Taking ReSharper out of process – ReSharper performance series

In the previous post of our ReSharper performance series, we looked at Visual Studio and ReSharper complexity and history, and determined that one of the reasons for degraded performance lies in Visual Studio being a 32-bit process. In this post, we will look at what can be done to overcome that limitation.

In this series:

Let’s dive in!

Roslyn and ReSharper

We’ve looked at the 32-bit process limitations, and figured out there is only so much memory that can be consumed. So one might ask: why is JetBrains still building their own language engine with ReSharper? Why not just use Roslyn so that there is only one engine in memory instead of two? And as a bonus, ReSharper development may go quicker?

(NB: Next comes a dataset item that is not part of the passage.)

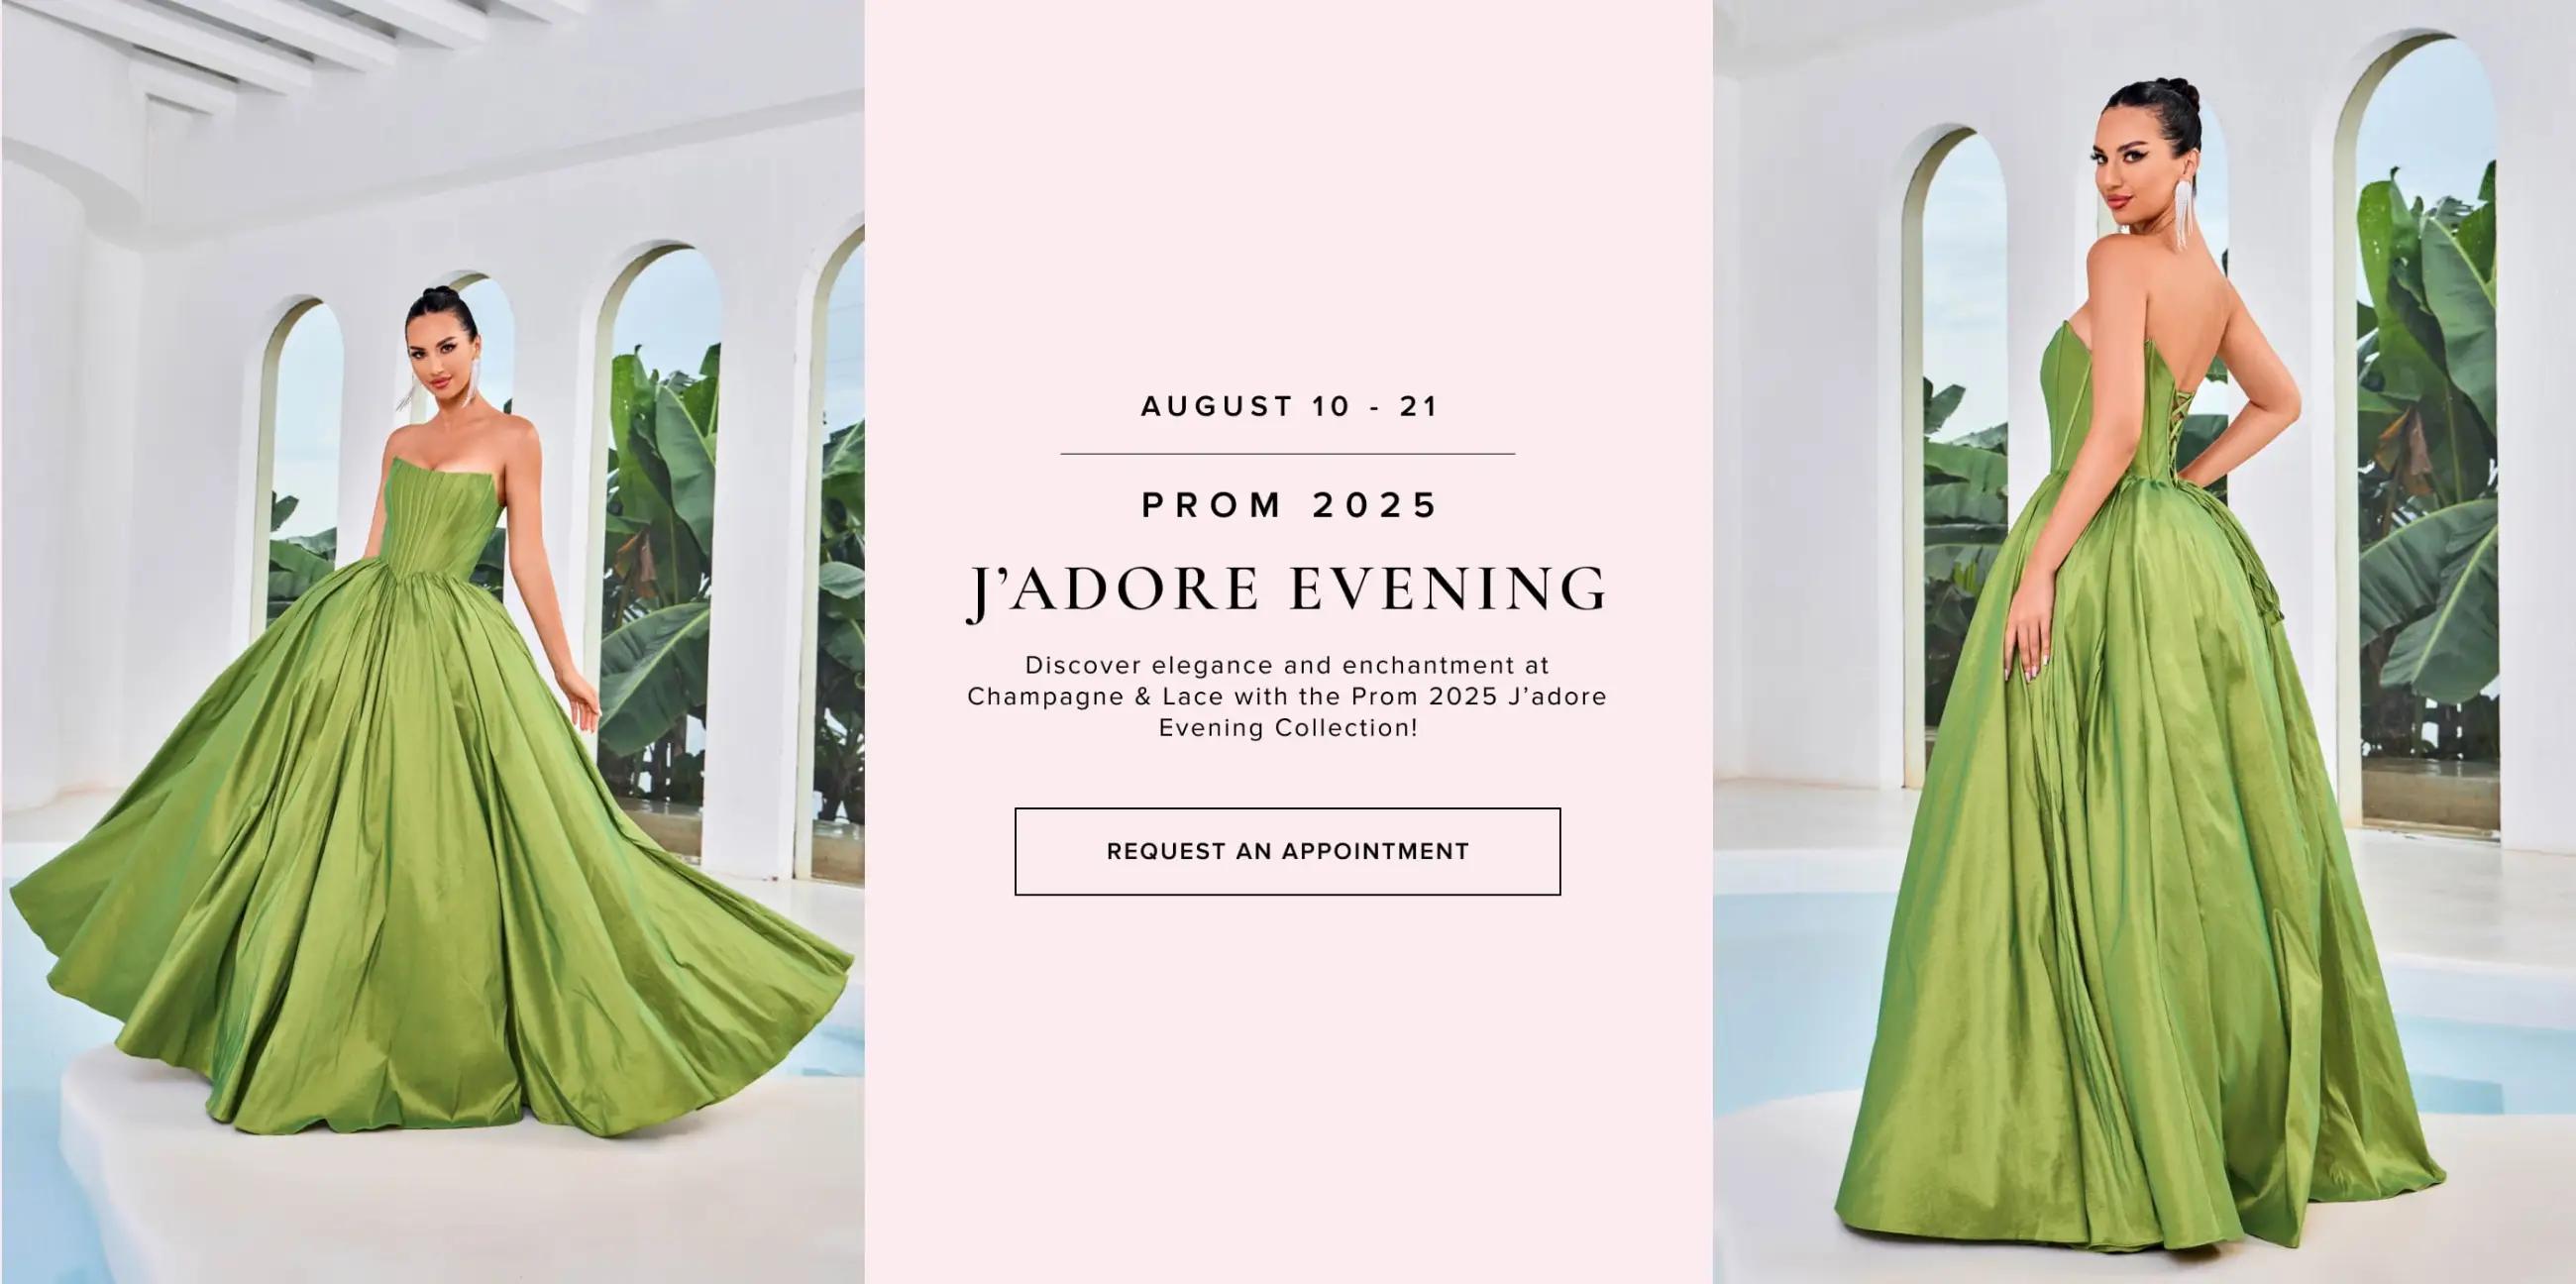 picture promoting j'adore evening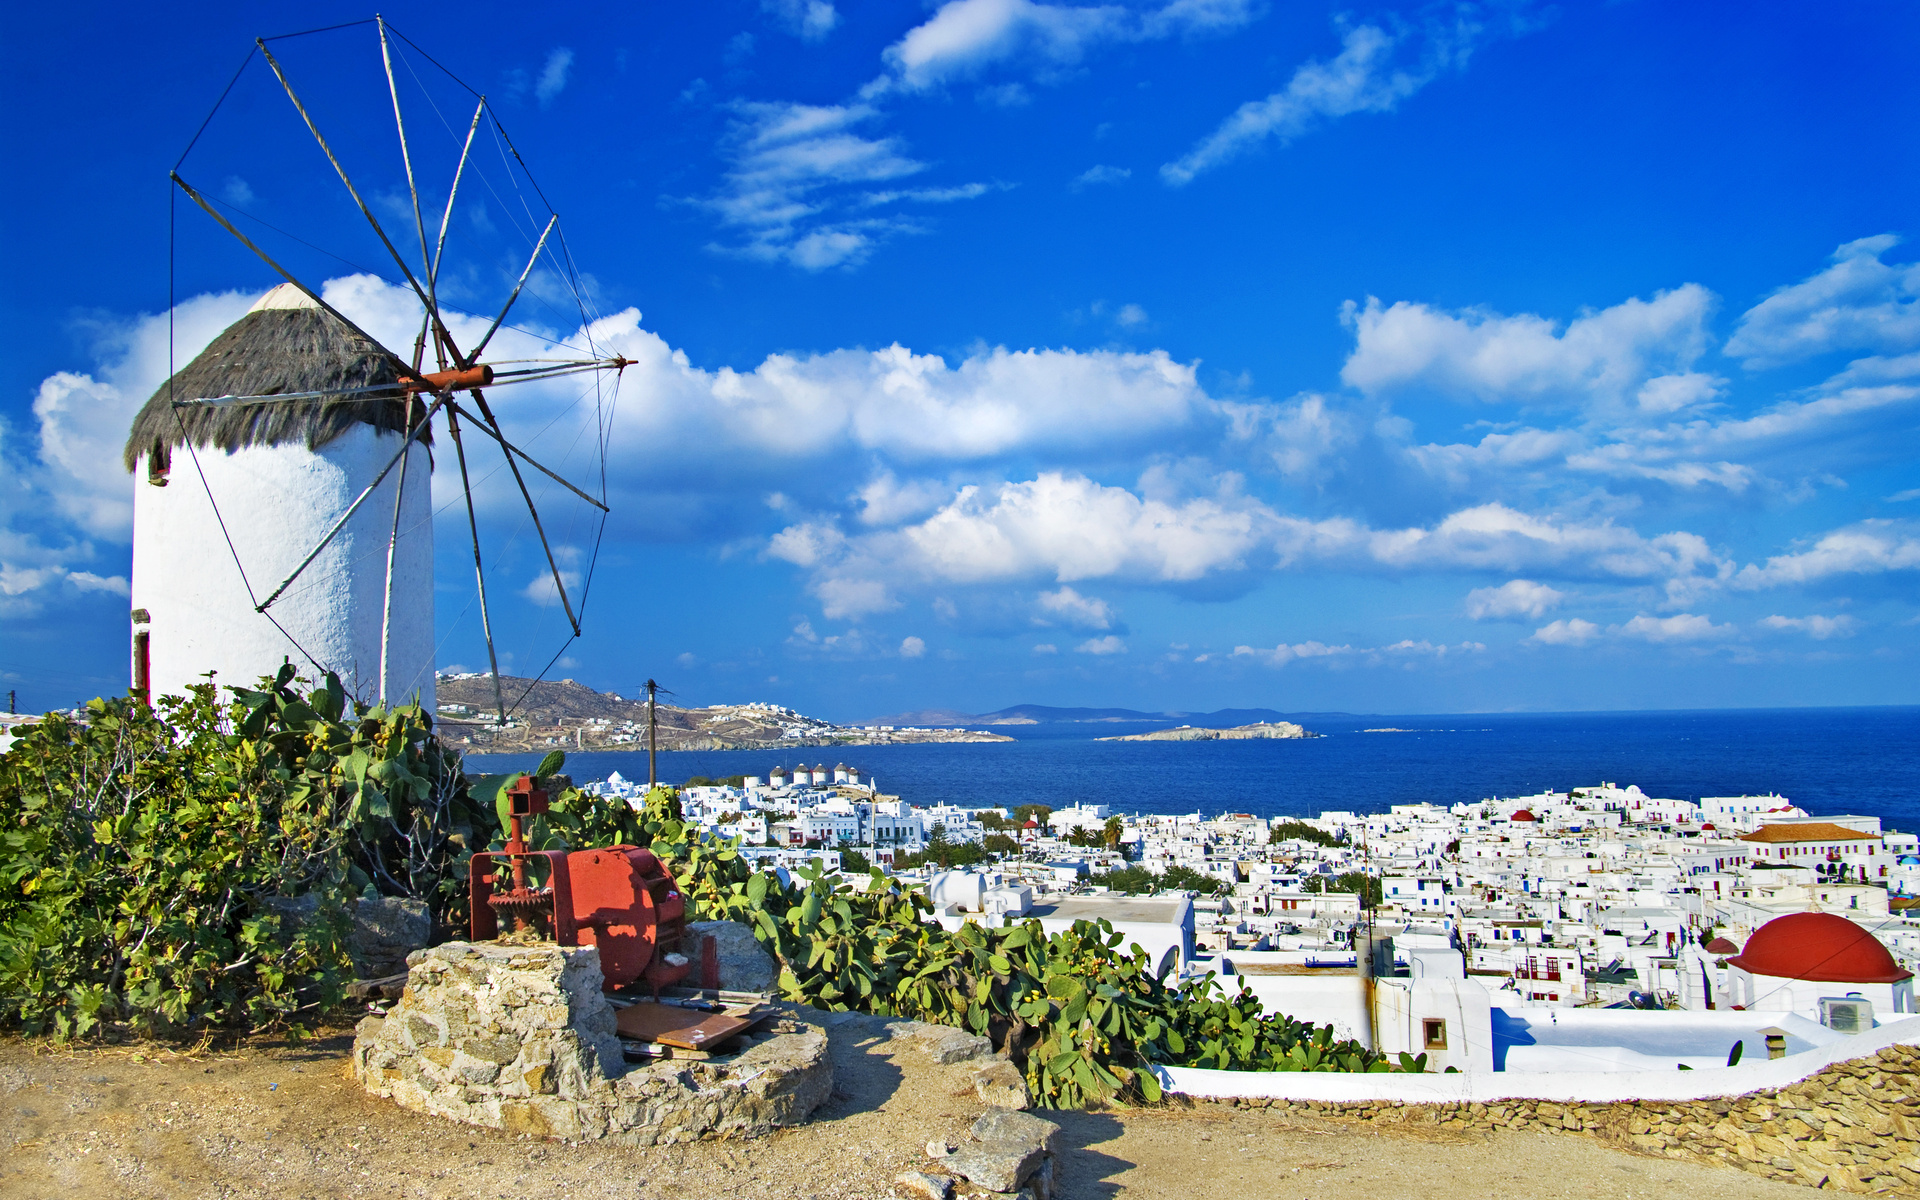 santorini, summer, landscape, sea, architecture, resort, nature, church, style, europe, hill, greece, mykonos, sunny, romantic, hotel, man made, city, aegean, blue, building, culture, cute, cyclades, cycladic, greek, holiday, house, island, mountain, restaurant, roof, sky, touristic, town, tropical, white, windmill, cities

There are a number of reasons for not doing this, as explained in our ReSharper and Roslyn Q&A. A better question would be the following: is it worth replacing a well-oiled engine just to work around the limited 32-bit working set? And how long would it be before that replacement also runs against the boundaries? Surely there are better ways…

Microservices! (in the form of child processes)

How can one go beyond this hard limitation in available memory? As with everything, the answer is microservices. Visual Studio is gradually transitioning into a process with many child processes, where every one of those child processes can consume the amount of memory it needs.

Child processes

This architecture has several advantages: each child process has its own thread pool and can be run on different CPU cores by the operating system. Each child process also has its own memory space and its own garbage collector.

We use the same approach in Rider, our cross-platform .NET IDE, where the IDE is just the UI and a host process, and a lot of the heavy lifting happens in the child processes that are spawned, and this works wonders for performance.

Running multiple processes does present some other challenges. How do you keep them in sync? Do all keystrokes in the editor have to be processed? When we type a class name and then remove it again, does it have to exist in both processes? The reactive distributed communication protocol we use in Rider may be the answer to these questions.

JetBrains is investigating making ReSharper a child process of Visual Studio, instead of being part of the main process.

Async loading of the ReSharper VSPackage

Next to making ReSharper run its own process, we can improve loading the bits that have to remain in the Visual Studio process. We’ll still be able to render menu’s, show refactoring dialogs and keep track of what is happening in the editor.

Visual Studio is really just the Visual Studio Shell, which loads a number of VSPackage instances that contain language features and specific tooling to make it an IDE. Pretty much every checkbox in the Visual Studio installer represents such VSPackage, and ReSharper is another VSPackage instance that can be loaded.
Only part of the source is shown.